[Opening Data for the task section]

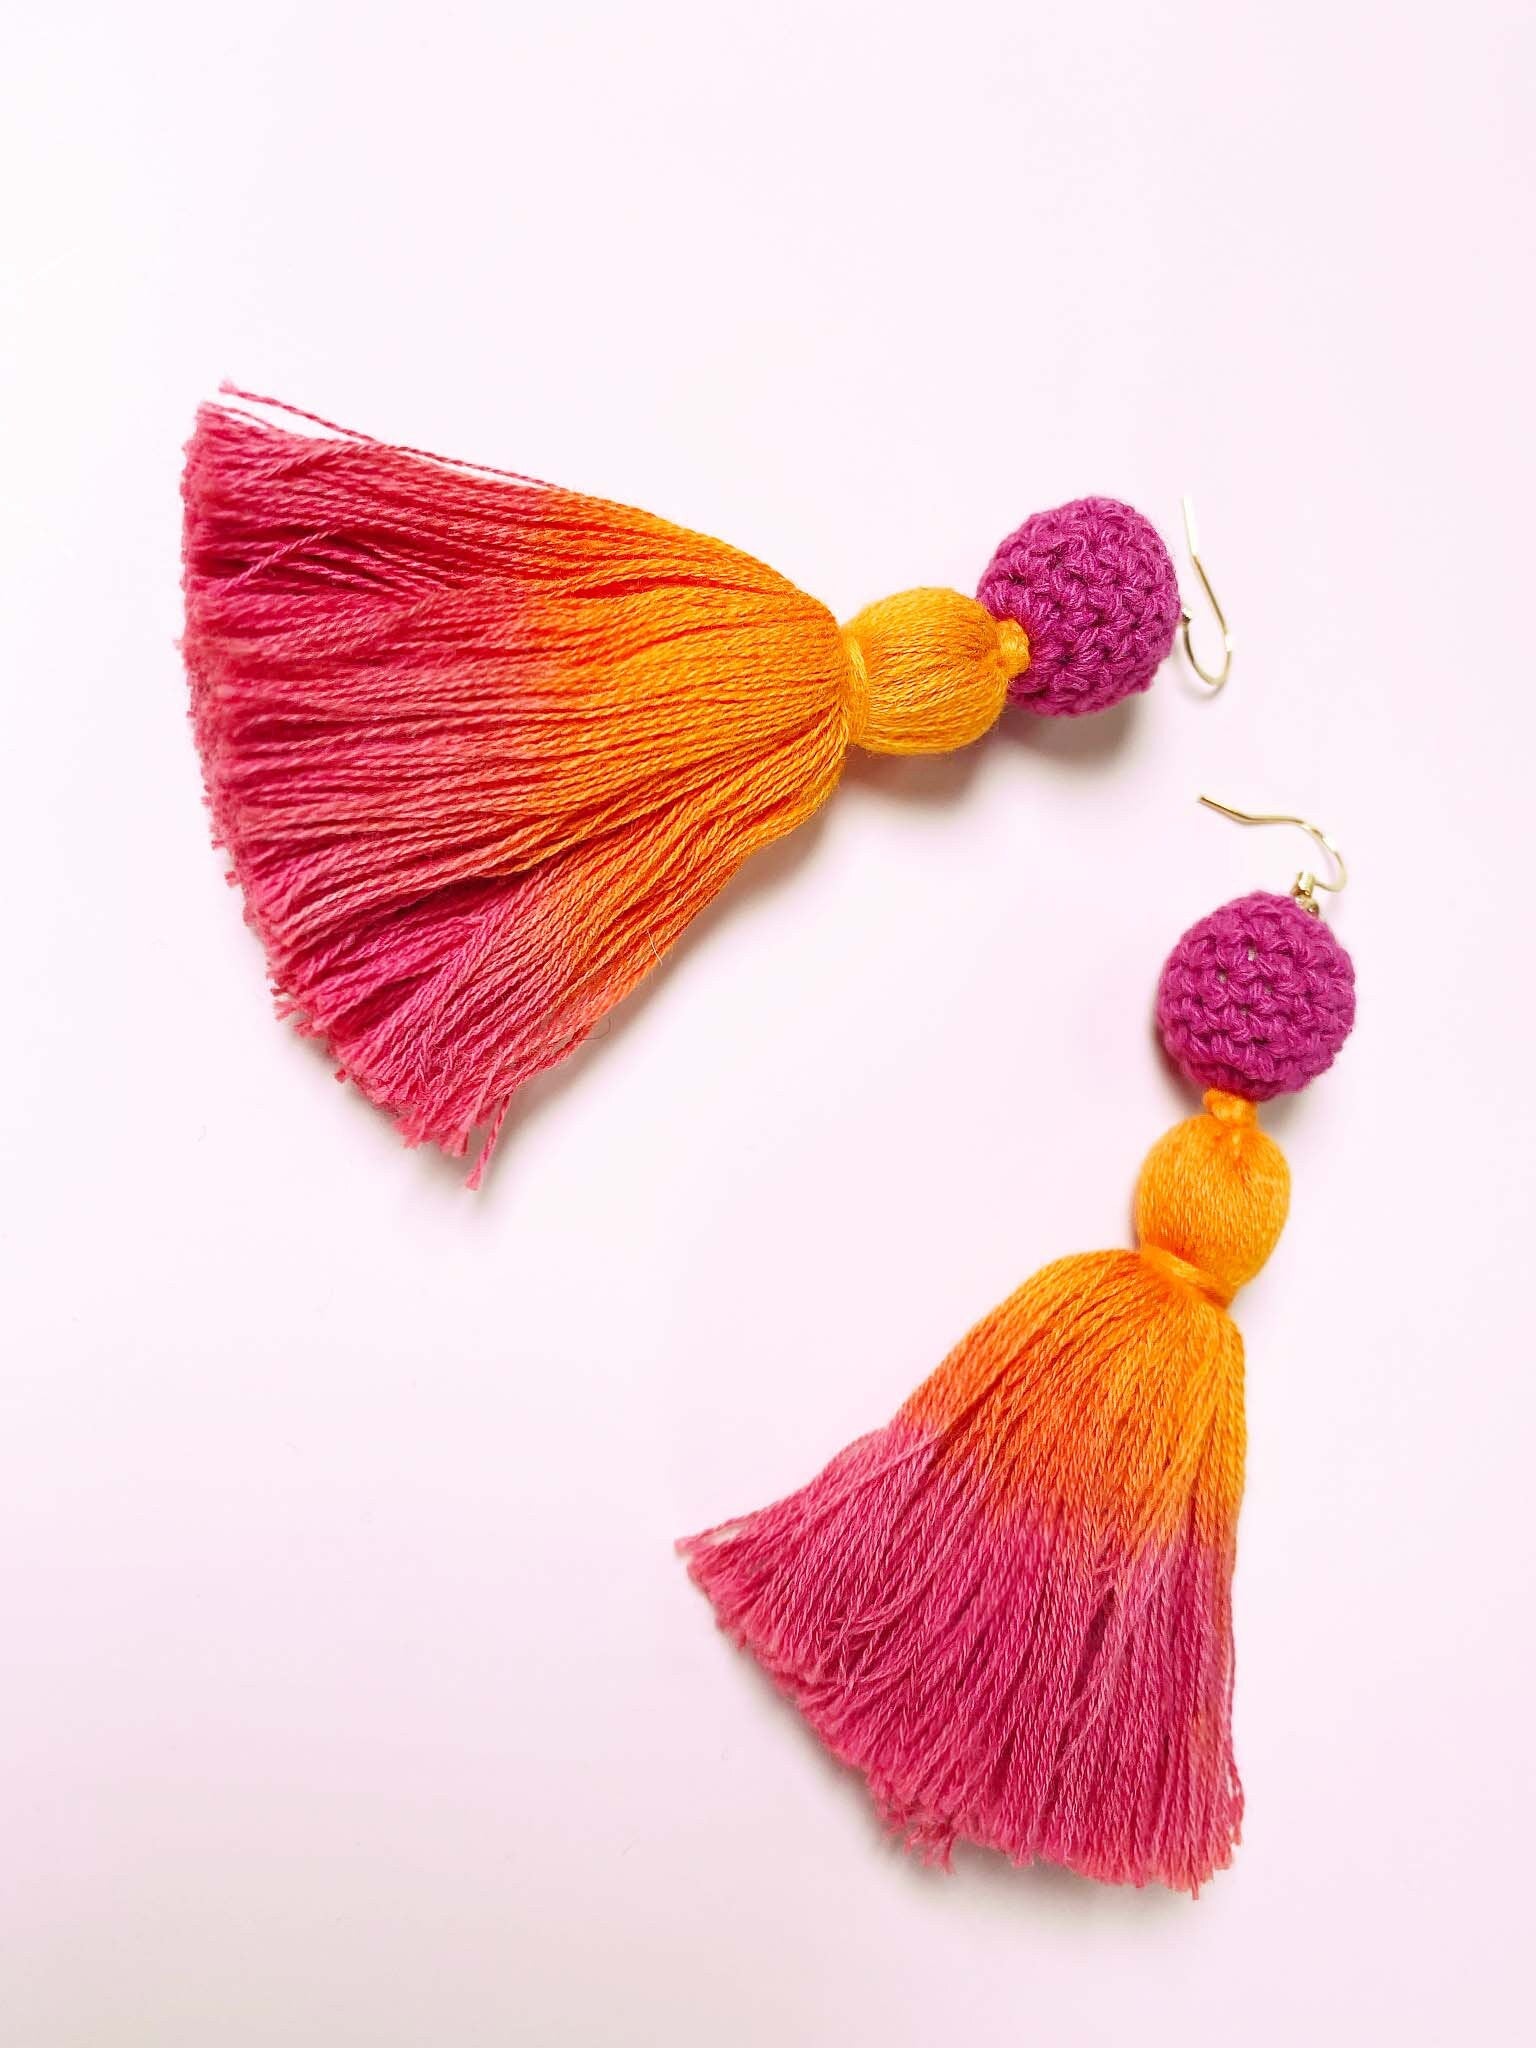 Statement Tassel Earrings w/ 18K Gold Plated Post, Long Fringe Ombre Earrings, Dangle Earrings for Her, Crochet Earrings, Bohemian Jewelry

[Closing Data for the task section]
[Opening Data for the task section]

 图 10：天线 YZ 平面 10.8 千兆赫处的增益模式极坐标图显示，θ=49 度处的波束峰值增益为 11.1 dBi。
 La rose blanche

[Closing Data for the task section]
[Opening Data for the task section]

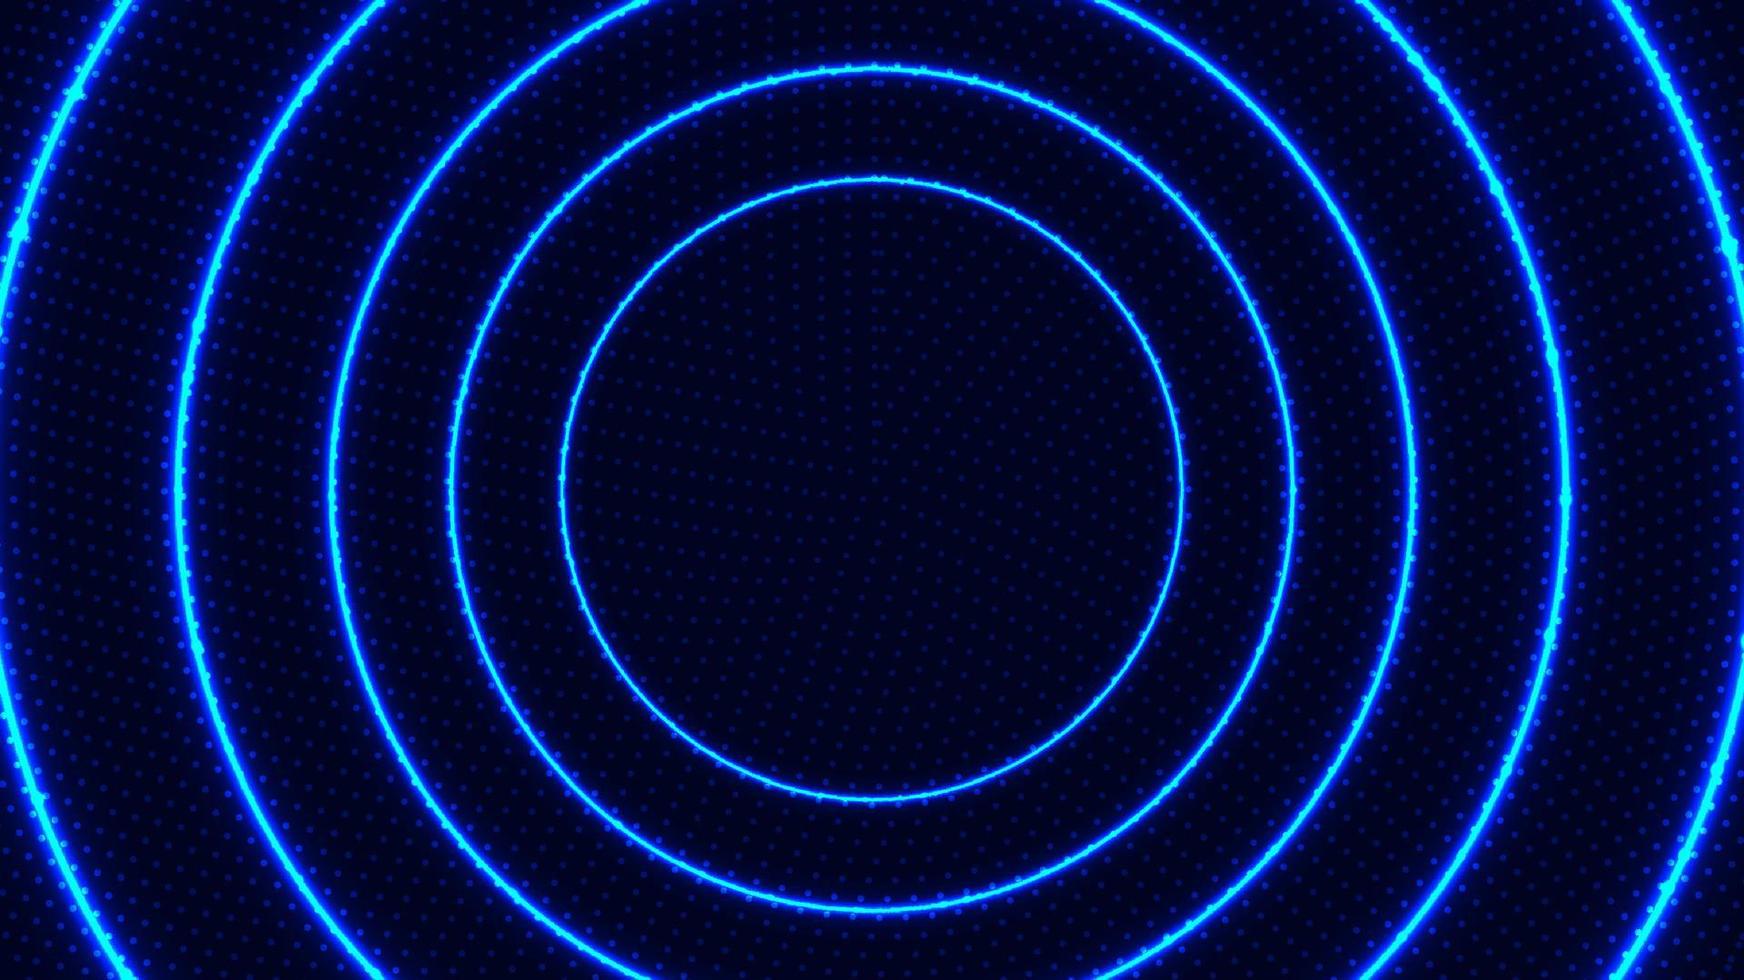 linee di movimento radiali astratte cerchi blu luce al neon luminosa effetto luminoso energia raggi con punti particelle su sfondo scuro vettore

[Closing Data for the task section]

● Work to be completed: The exact lines of the material above starting at the one that contains "图 10：天线 YZ 平面" and ending at the one that contains "La rose blanche" are what to retype; leave out everything else.

● Response area:
 图 10：天线 YZ 平面 10.8 千兆赫处的增益模式极坐标图显示，θ=49 度处的波束峰值增益为 11.1 dBi。
 La rose blanche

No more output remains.